Une entreprise confie la construction d’un immeuble à usage industriel à une société de conception de bâtiments. Cette société de conception, dans le cadre du chantier, sous-traite à une troisième entreprise un lot relatif au bardage de l’immeuble. Ce sous-traitant se fournit lui-même auprès d’une quatrième personne, fabricant de panneaux de tôles.
Des défauts apparaissent rapidement sur ces matériaux, et le maître de l’ouvrage agit alors en responsabilité et indemnisation contre le sous-traitant et son fournisseur. Le demandeur estime être en présence d’une chaîne de contrat, lui permettant d’engager la responsabilité contractuelle des défendeurs. En cours d’instance, le demandeur invoque toutefois subsidiairement la responsabilité délictuelle des défendeurs prévue par l’article 1382 du Code civil, en constatant qu’il n’y a pas de liens contractuels directs entre lui et le défendeur.

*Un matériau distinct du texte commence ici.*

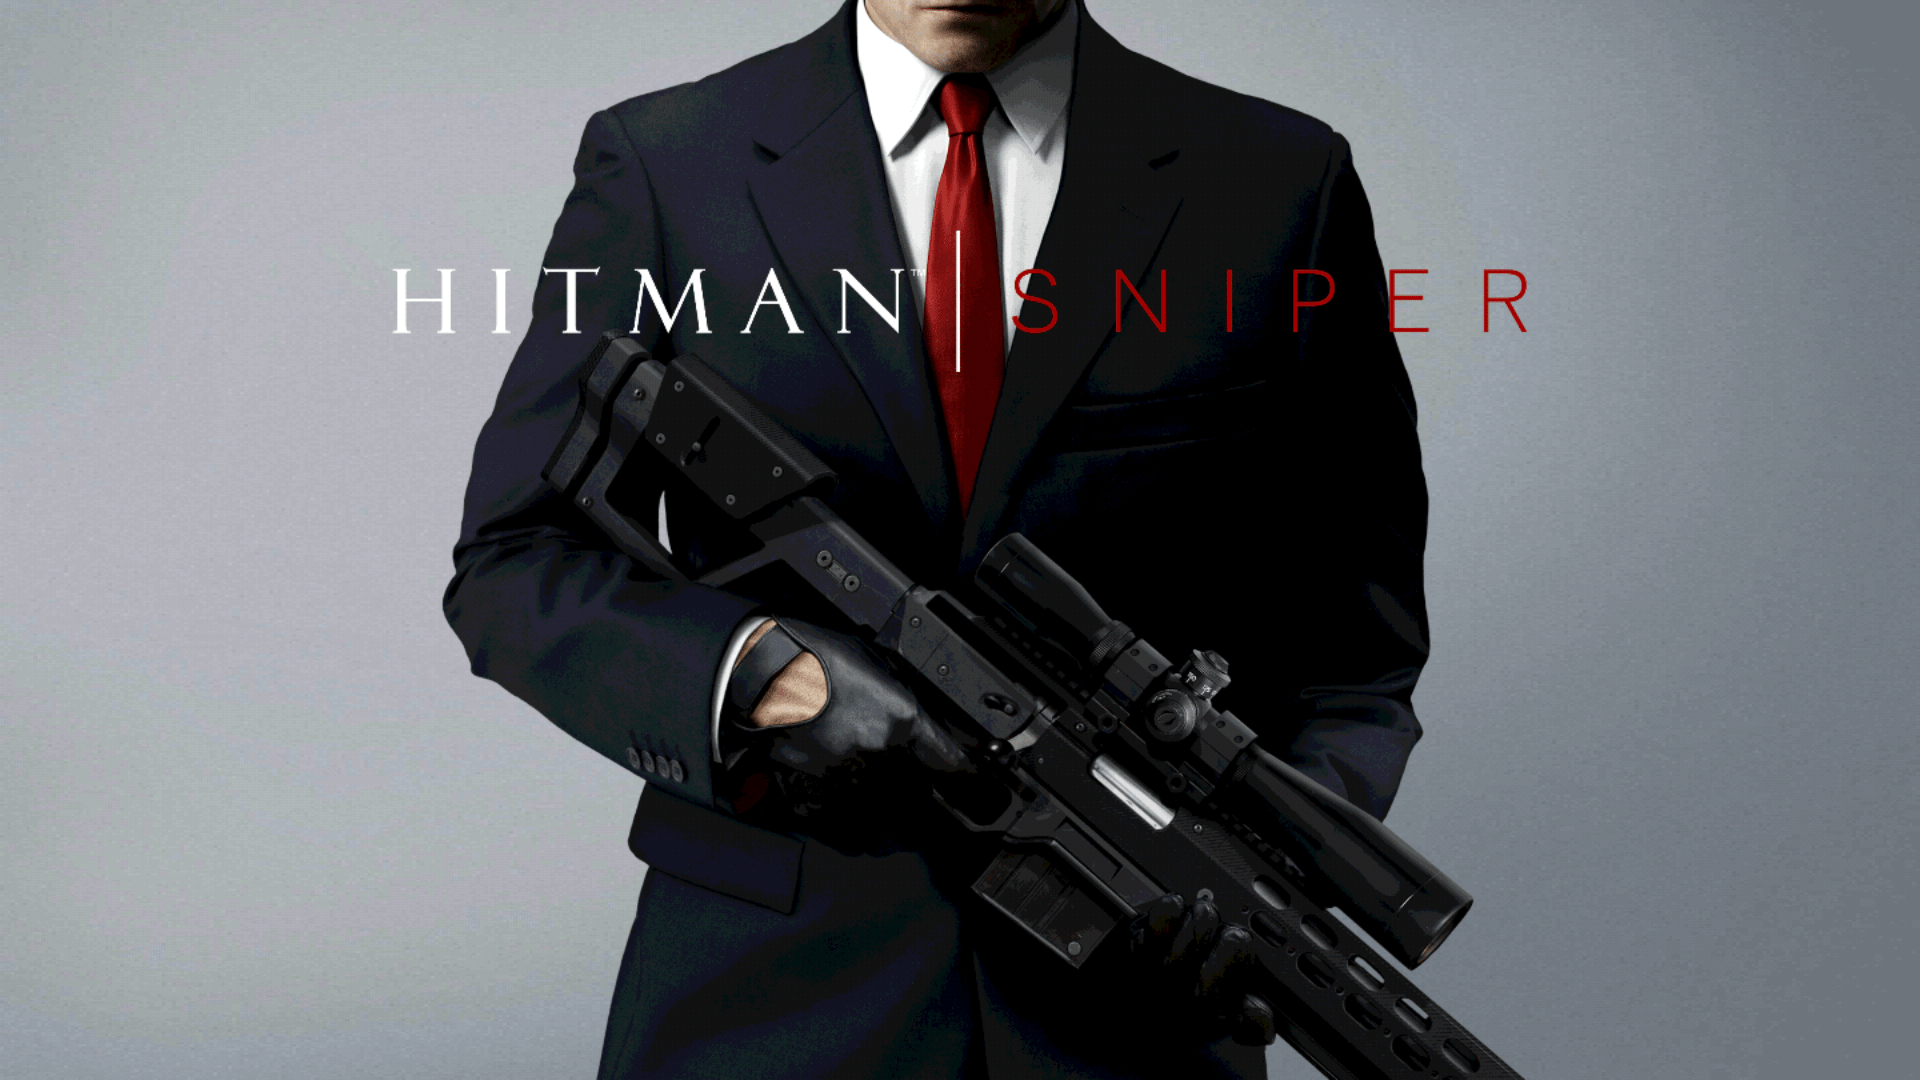 download free hitman sniper 2

La cour d’appel juge irrecevables les demandes du maître de l’ouvrage, sur le fondement du principe de non-cumul des responsabilités délictuelle et contractuelle, principe bien établi par la jurisprudence (v. Civ. 11 janv. 1922, GAJC ; Civ. 2e, 9 juin 1993). Ce principe a en effet des conséquences lourdes sur la procédure applicable devant le tribunal pour la partie qui cherche à obtenir réparation (V. Prétentions des parties et office du juge, p. 888, Précis Dalloz). Les juges du fond ont considéré en l’espèce que les modifications opérées par le demandeur concernant la responsabilité à engager modifiaient les prétentions respectives des parties, et justifiaient leur irrecevabilité (art. 4 C. pr. civ.).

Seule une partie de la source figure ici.